▸ YOUR GOAL
Your answer should be an exact copy of the lines from the one holding "Vintage NASA Kennedy" to the end of the material below, pictures left out.

*** Opening of AVAILABLE DATA ***

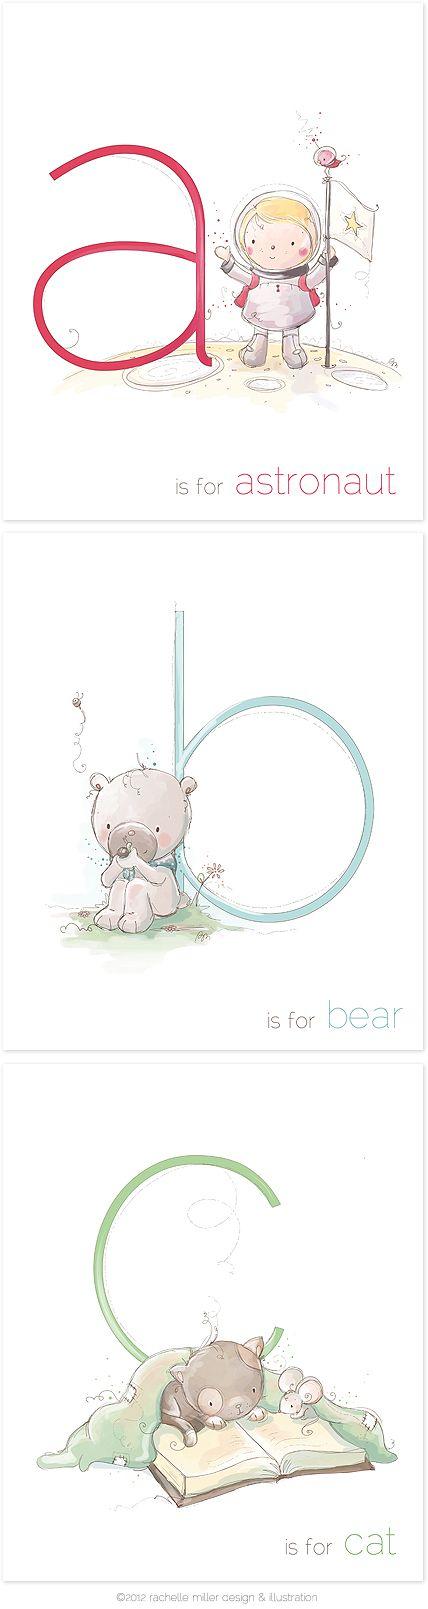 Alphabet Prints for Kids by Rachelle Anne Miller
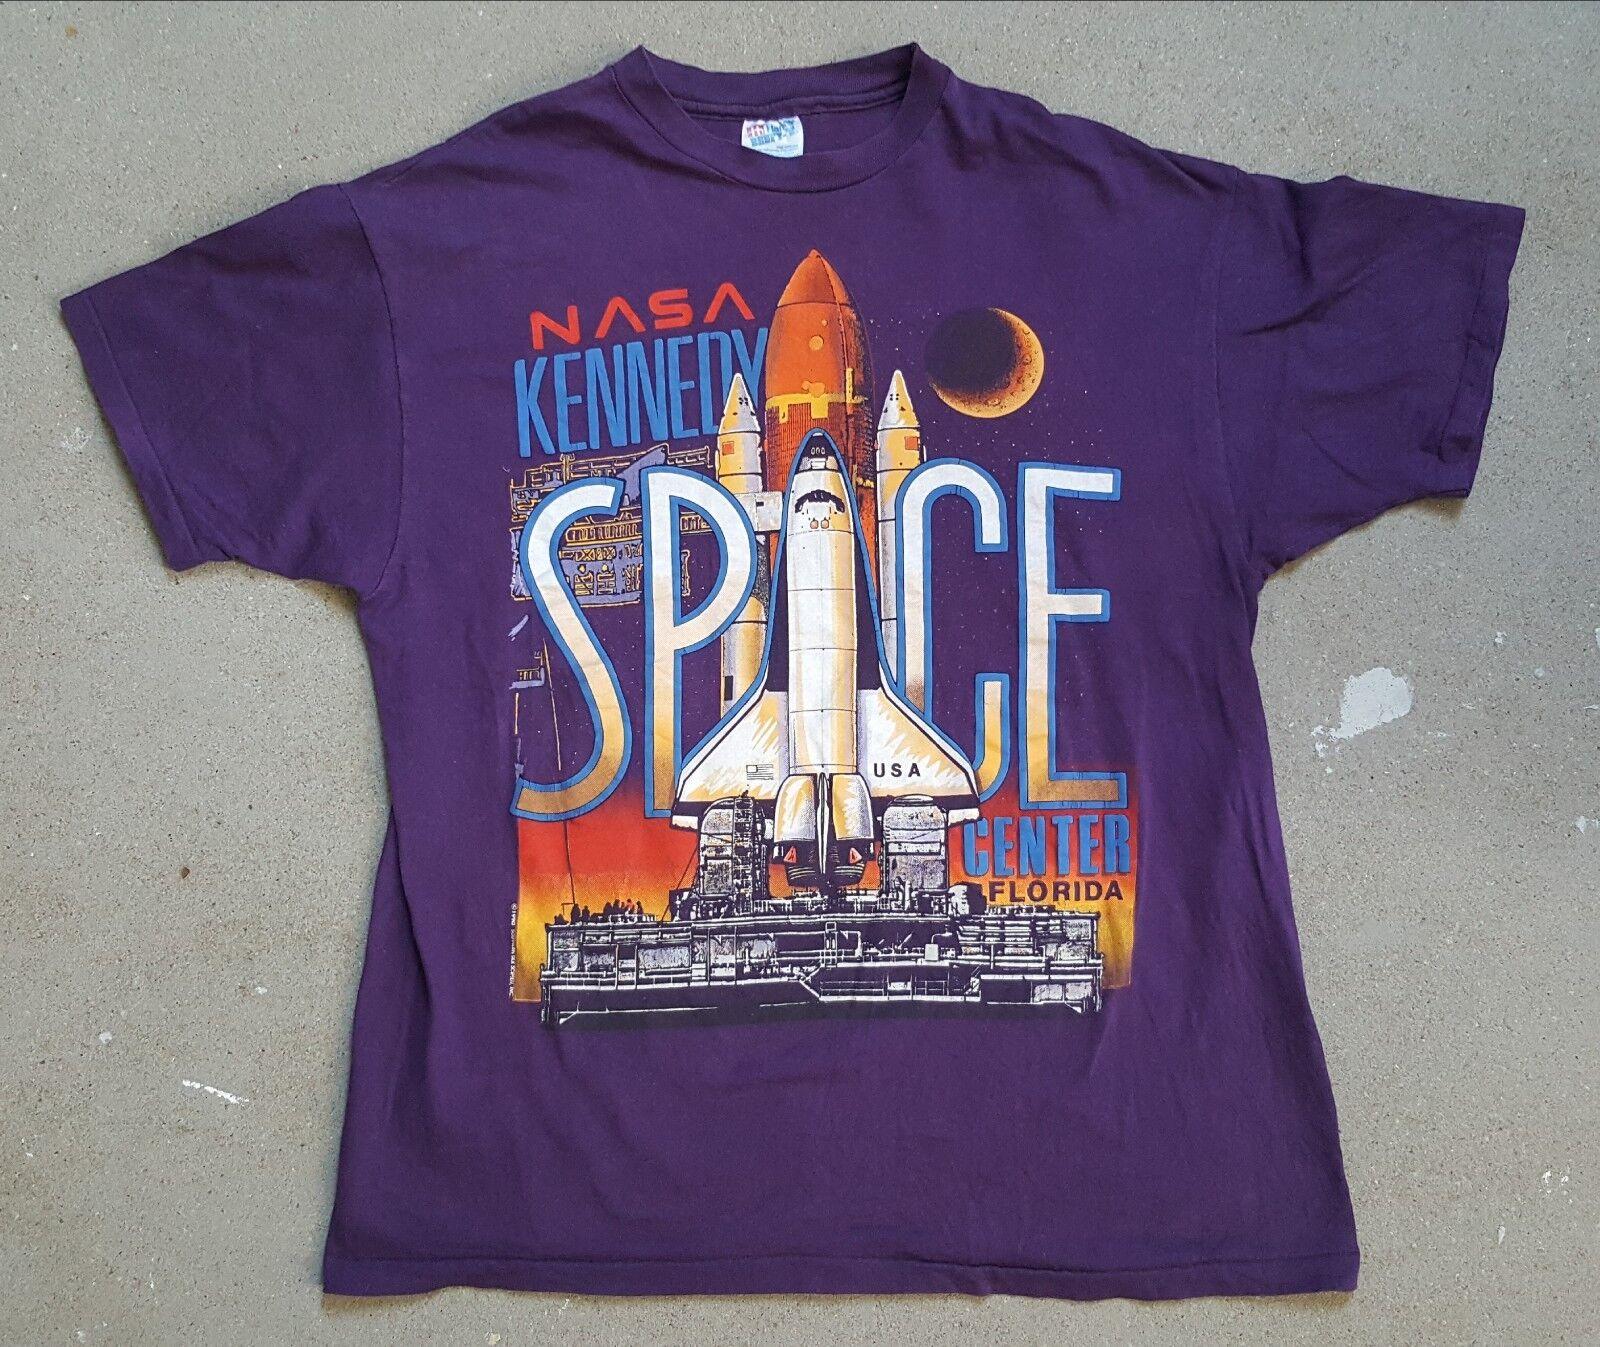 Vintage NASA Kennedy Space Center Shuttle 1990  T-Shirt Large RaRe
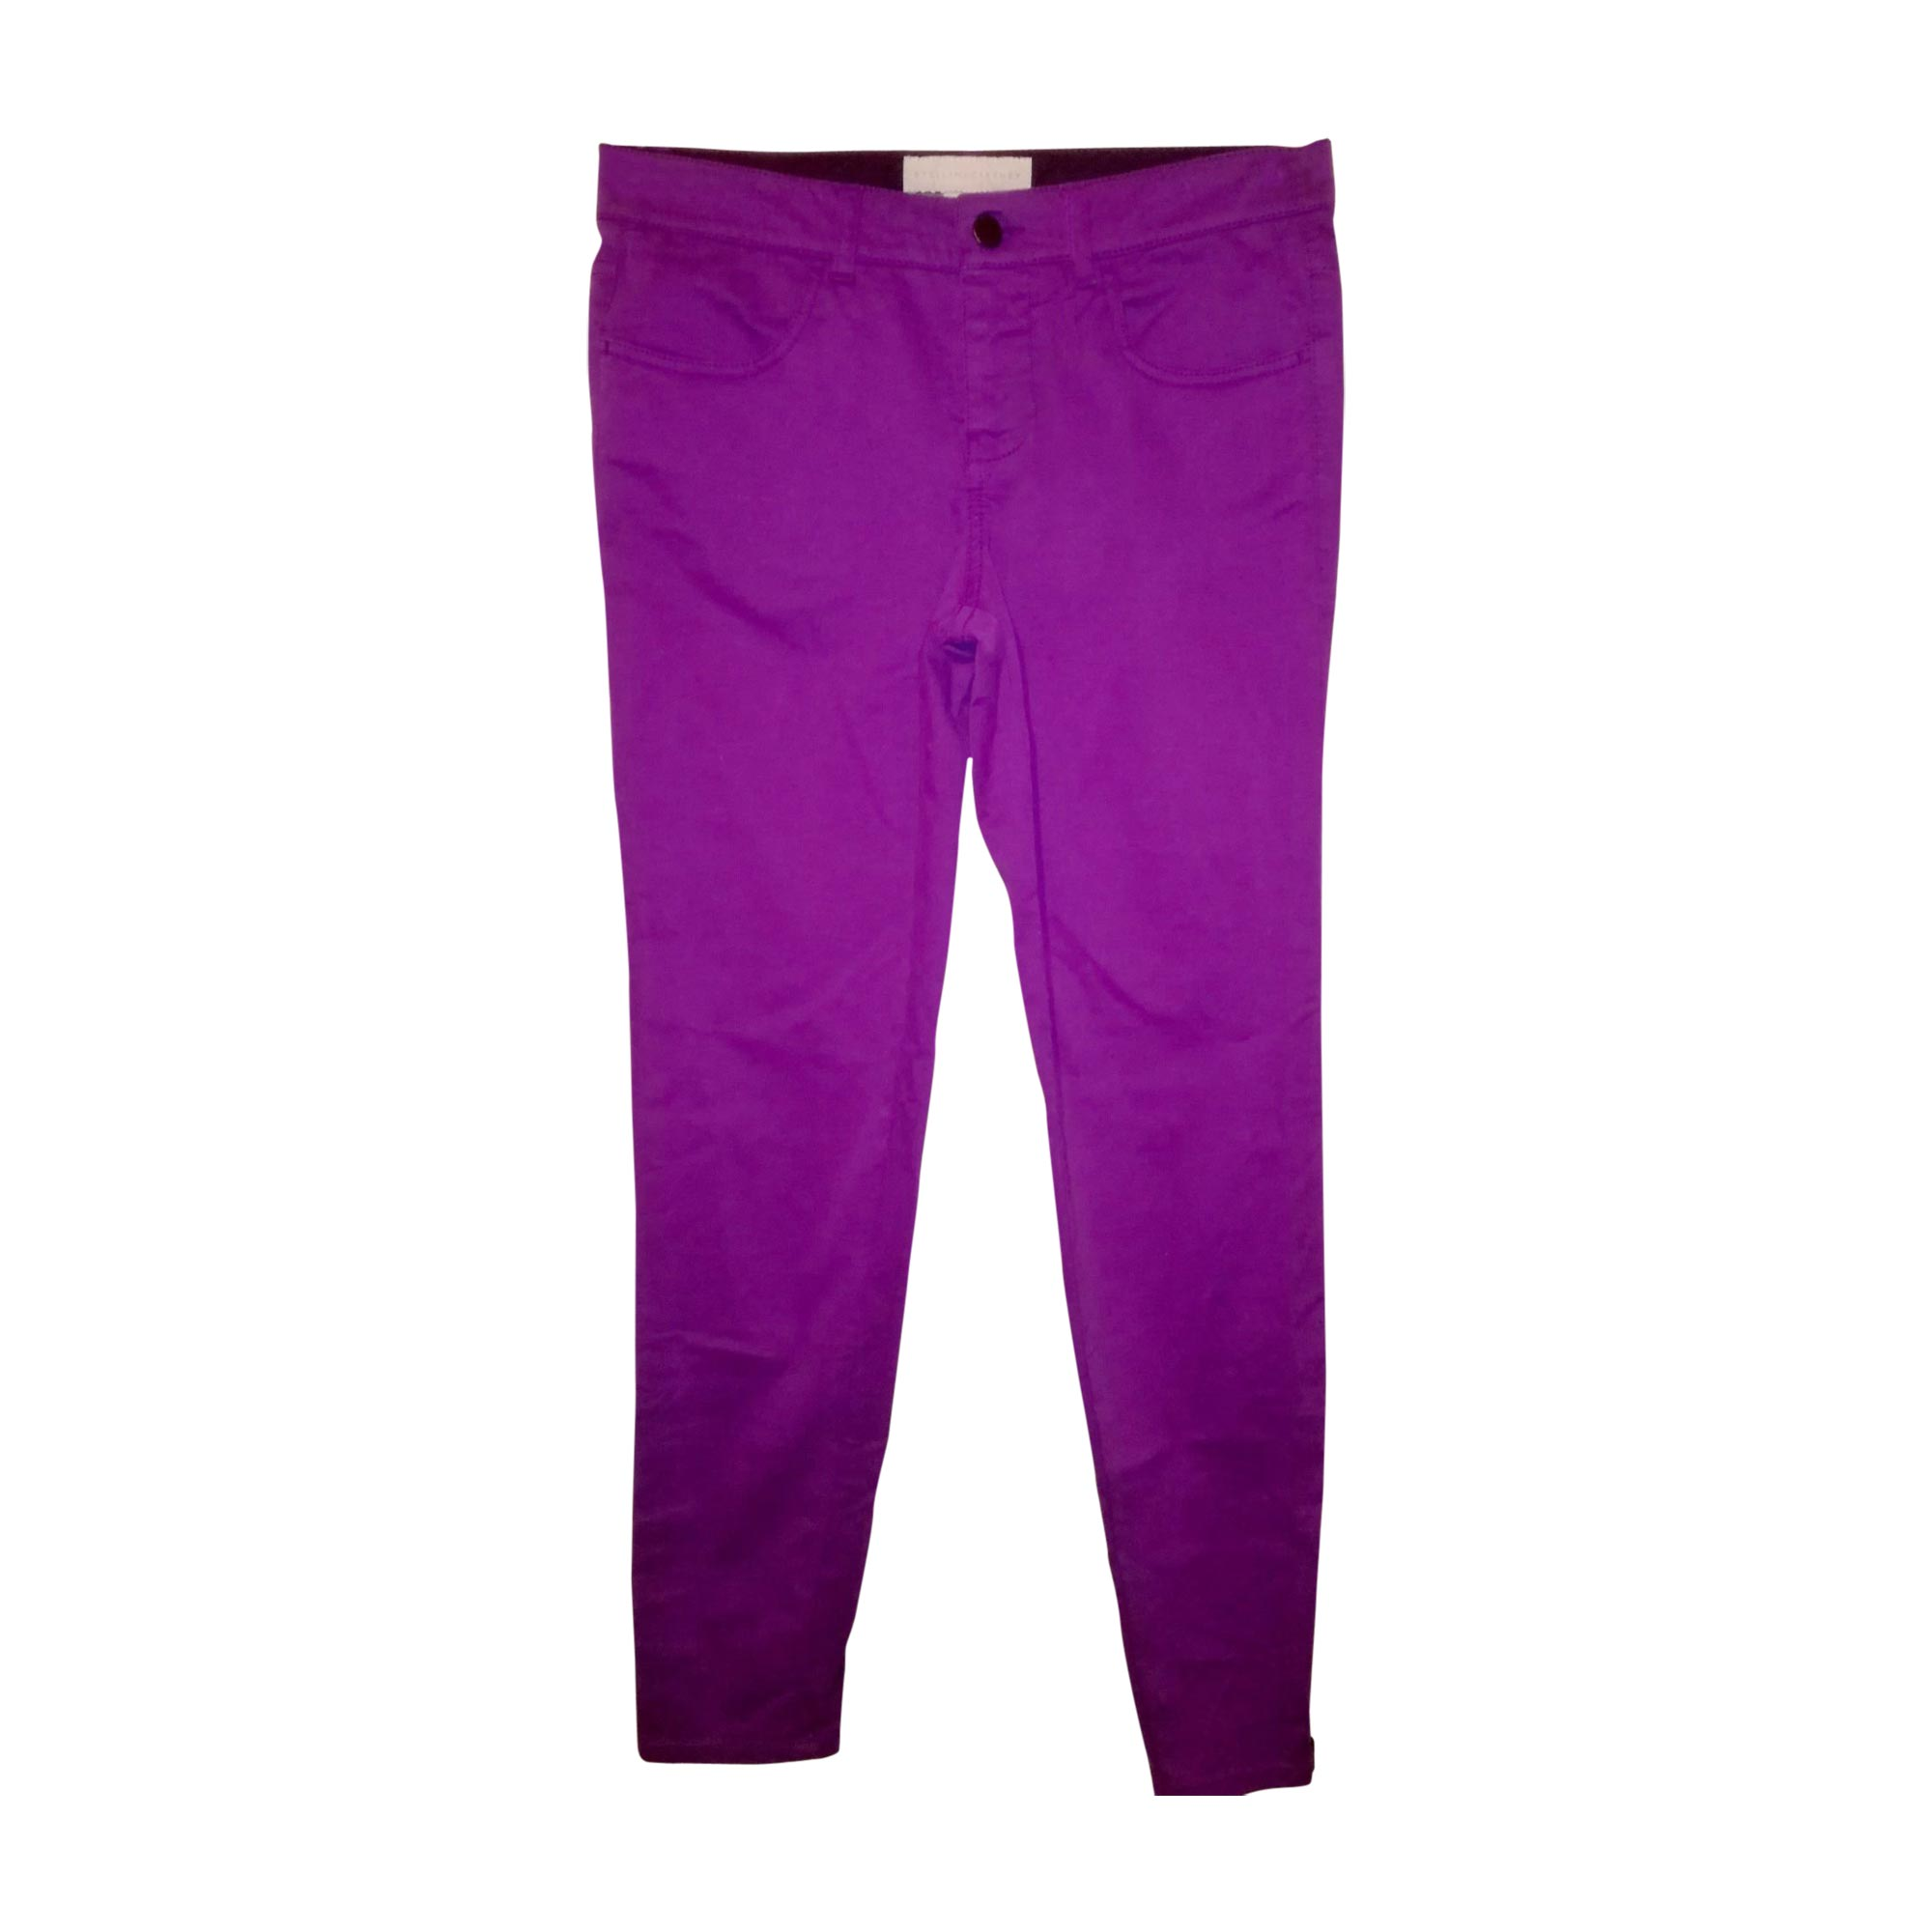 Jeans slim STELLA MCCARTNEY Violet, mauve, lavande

*** Close of AVAILABLE DATA ***

▸ TASK ANSWER
 Vintage NASA Kennedy Space Center Shuttle 1990  T-Shirt Large RaRe
 Jeans slim STELLA MCCARTNEY Violet, mauve, lavande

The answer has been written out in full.